## Provided data:
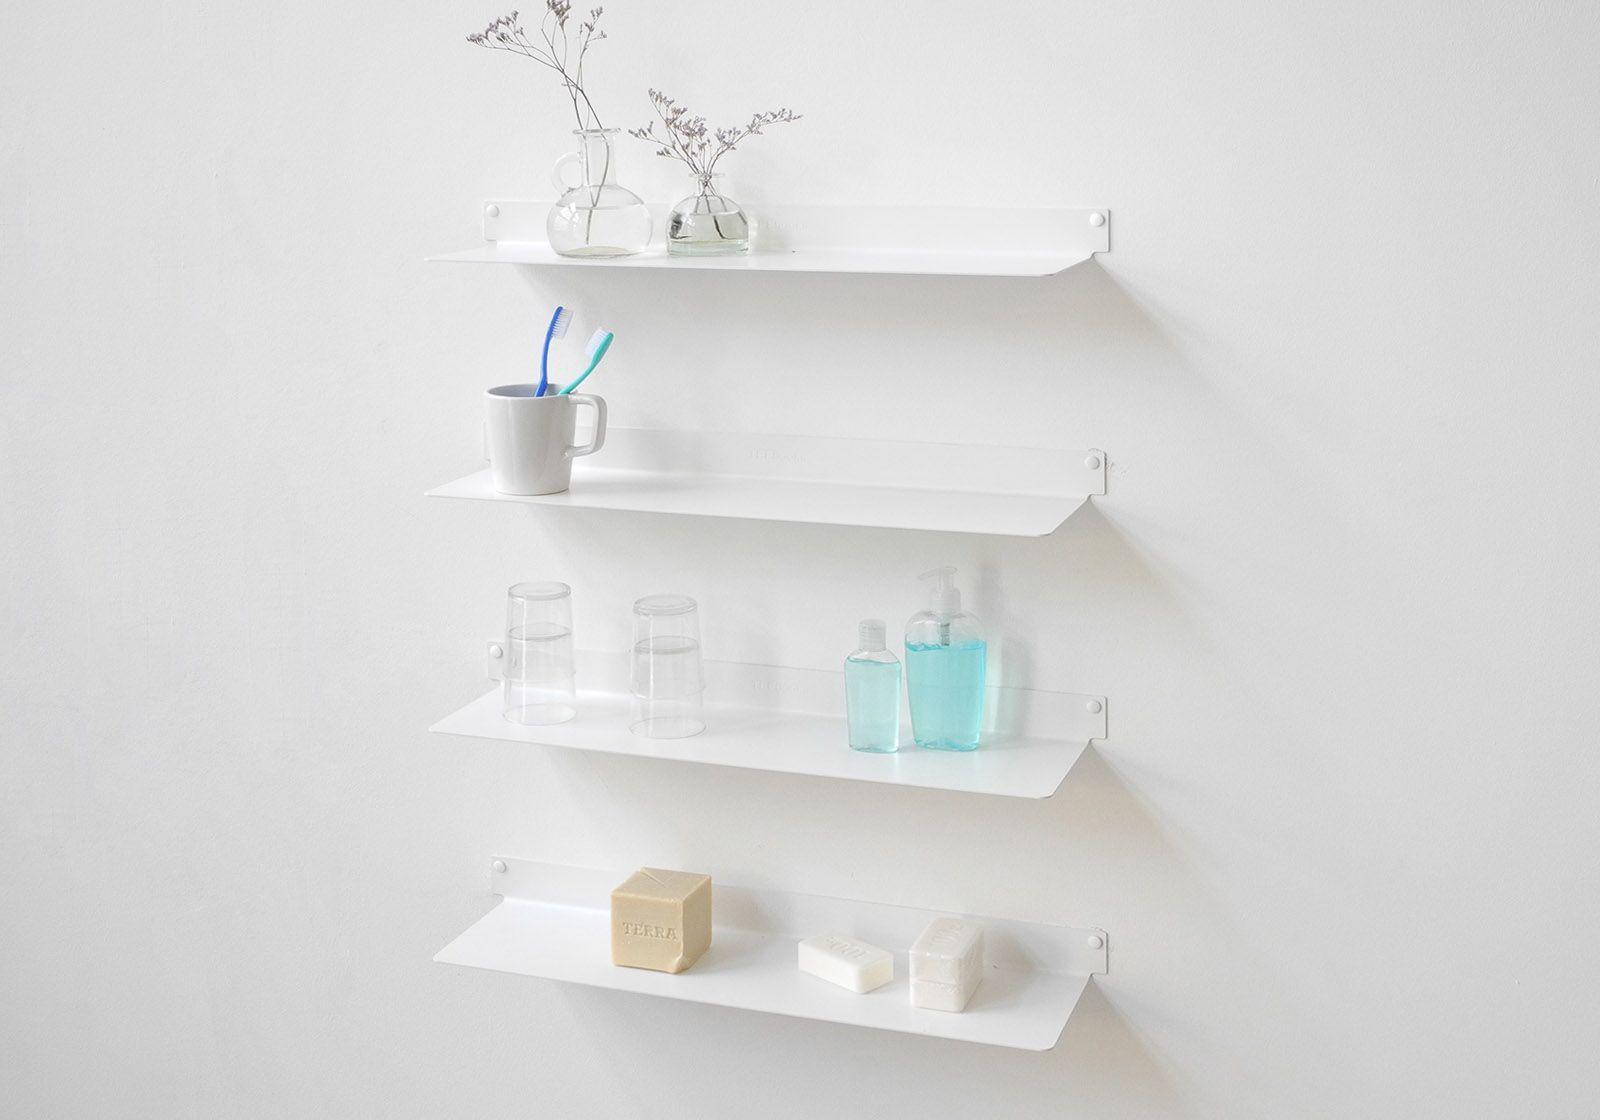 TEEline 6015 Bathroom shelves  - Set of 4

...

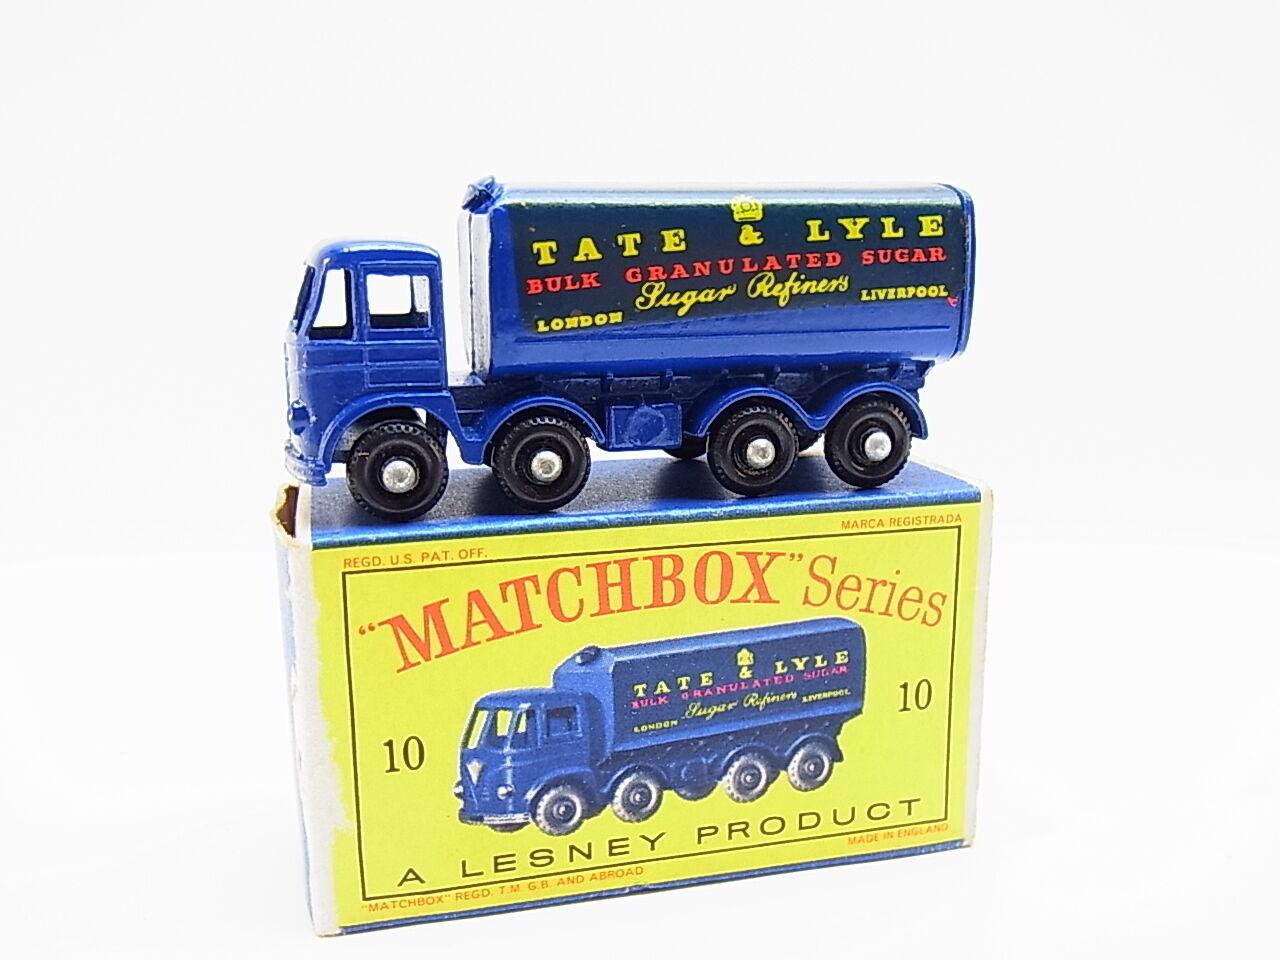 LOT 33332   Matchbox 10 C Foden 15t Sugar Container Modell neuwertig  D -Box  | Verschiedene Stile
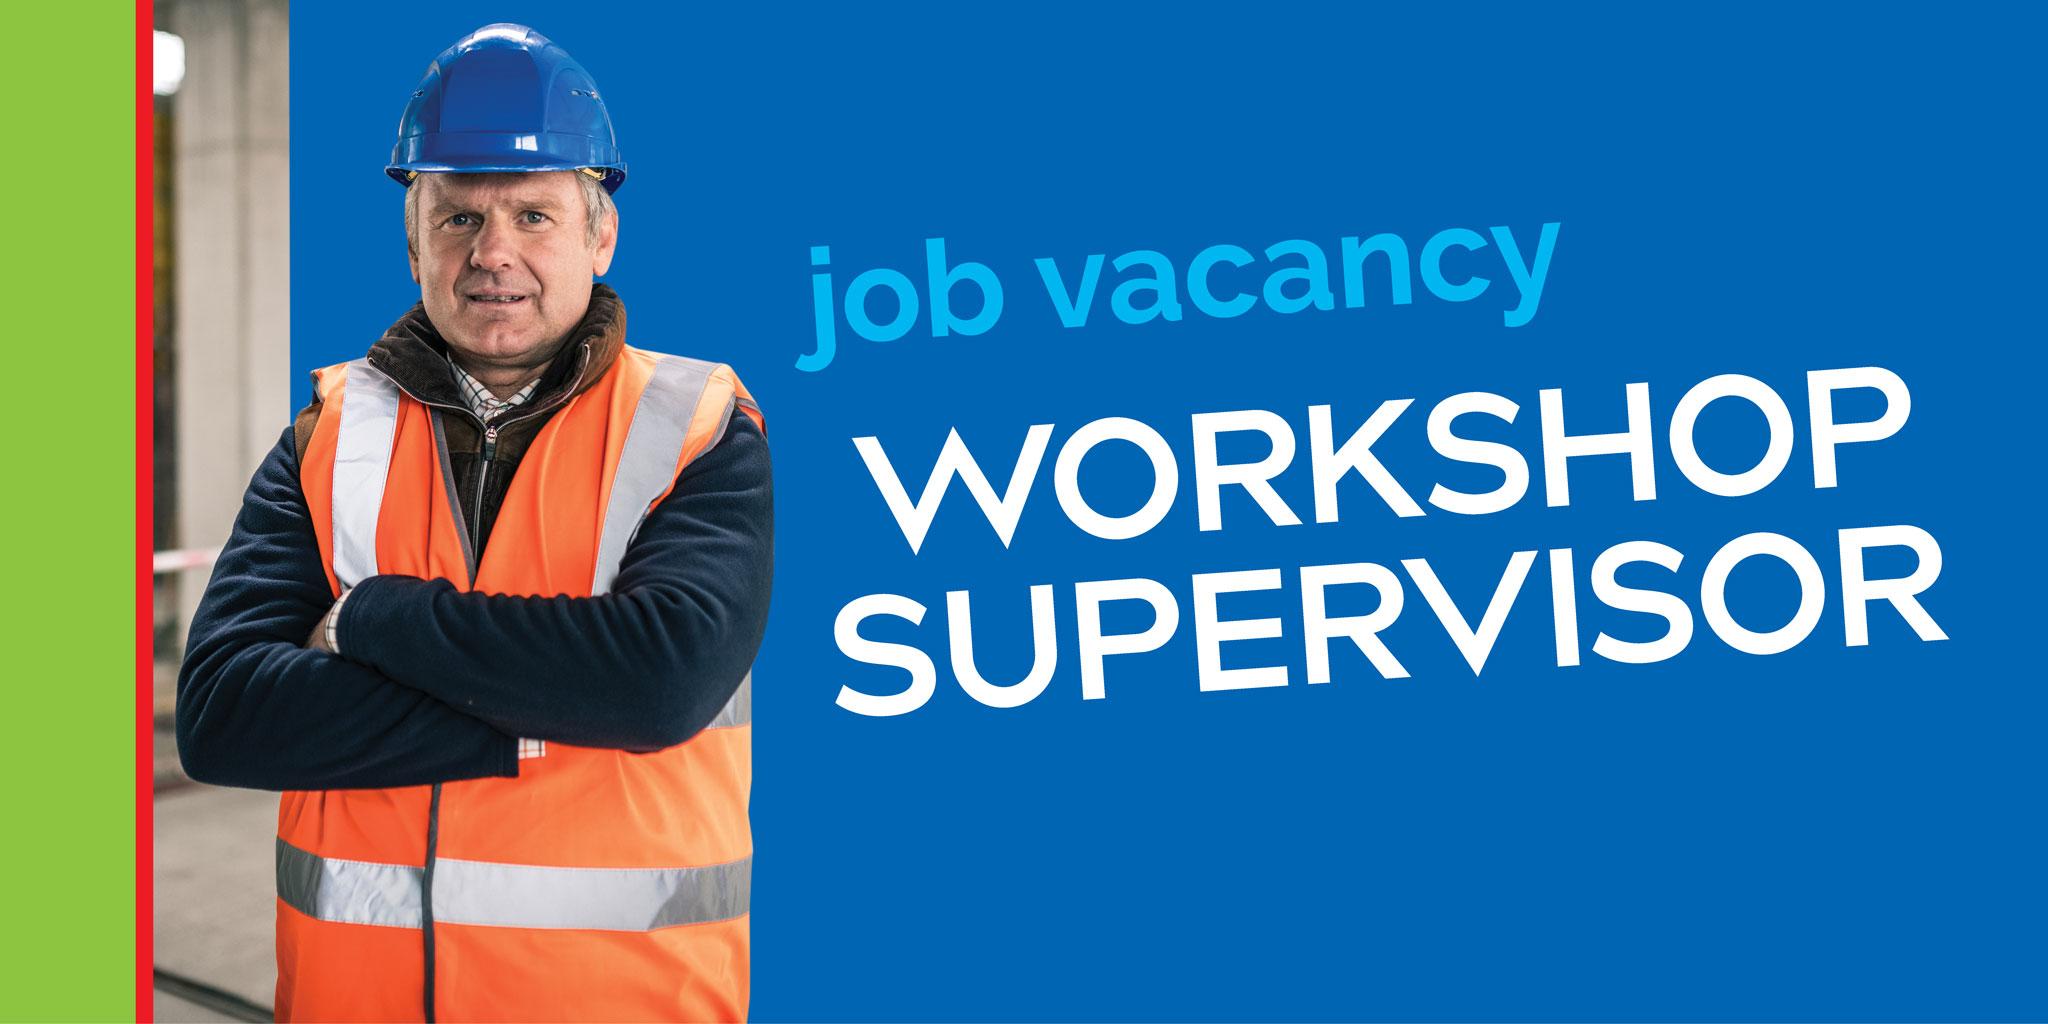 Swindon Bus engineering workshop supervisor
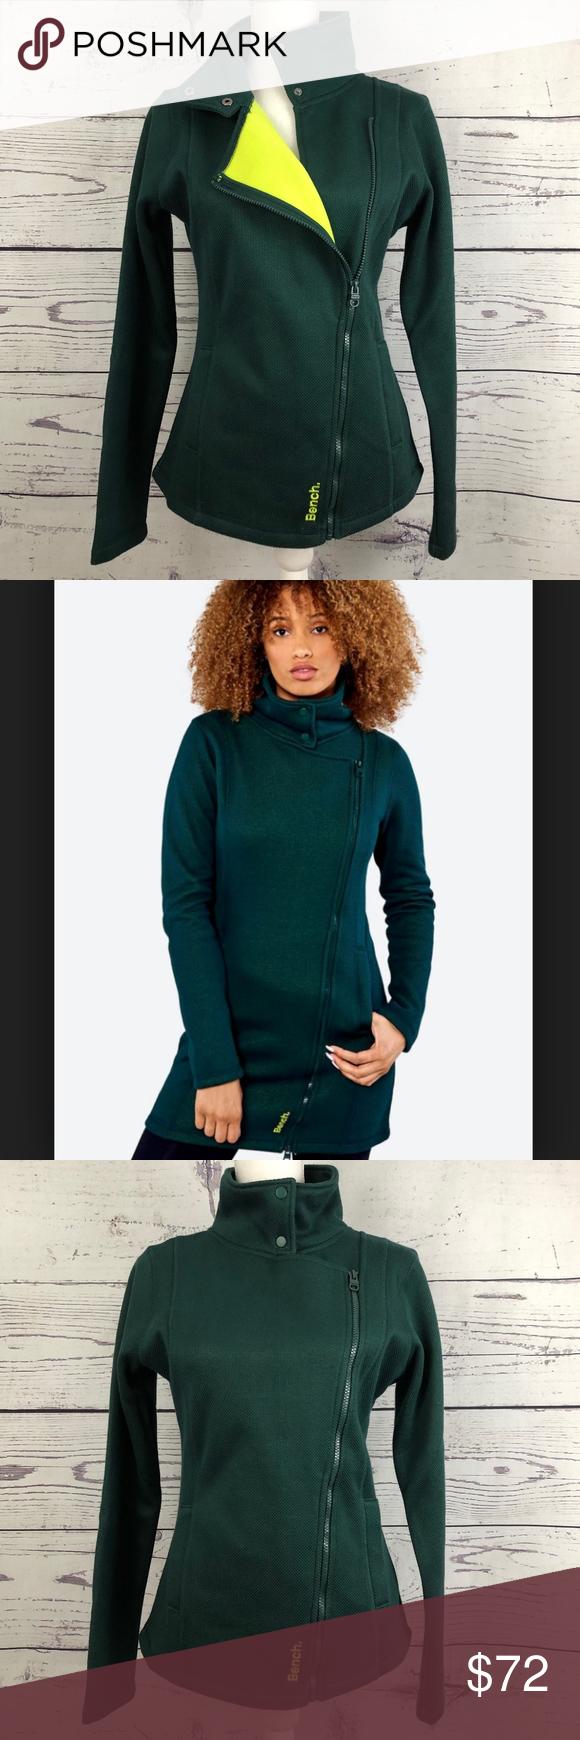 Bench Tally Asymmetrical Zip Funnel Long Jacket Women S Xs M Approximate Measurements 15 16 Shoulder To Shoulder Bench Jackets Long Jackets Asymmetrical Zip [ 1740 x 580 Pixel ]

## Required action:
Print, exactly, each line above from the one with "Swindon Bus engineering workshop supervisor" to the one with "Bench Tally Asymmetrical", end lines included. Leave pictures out of it.

## Written answer:
 Swindon Bus engineering workshop supervisor
 Bench Tally Asymmetrical Zip Funnel Long Jacket Women S Xs M Approximate Measurements 15 16 Shoulder To Shoulder Bench Jackets Long Jackets Asymmetrical Zip [ 1740 x 580 Pixel ]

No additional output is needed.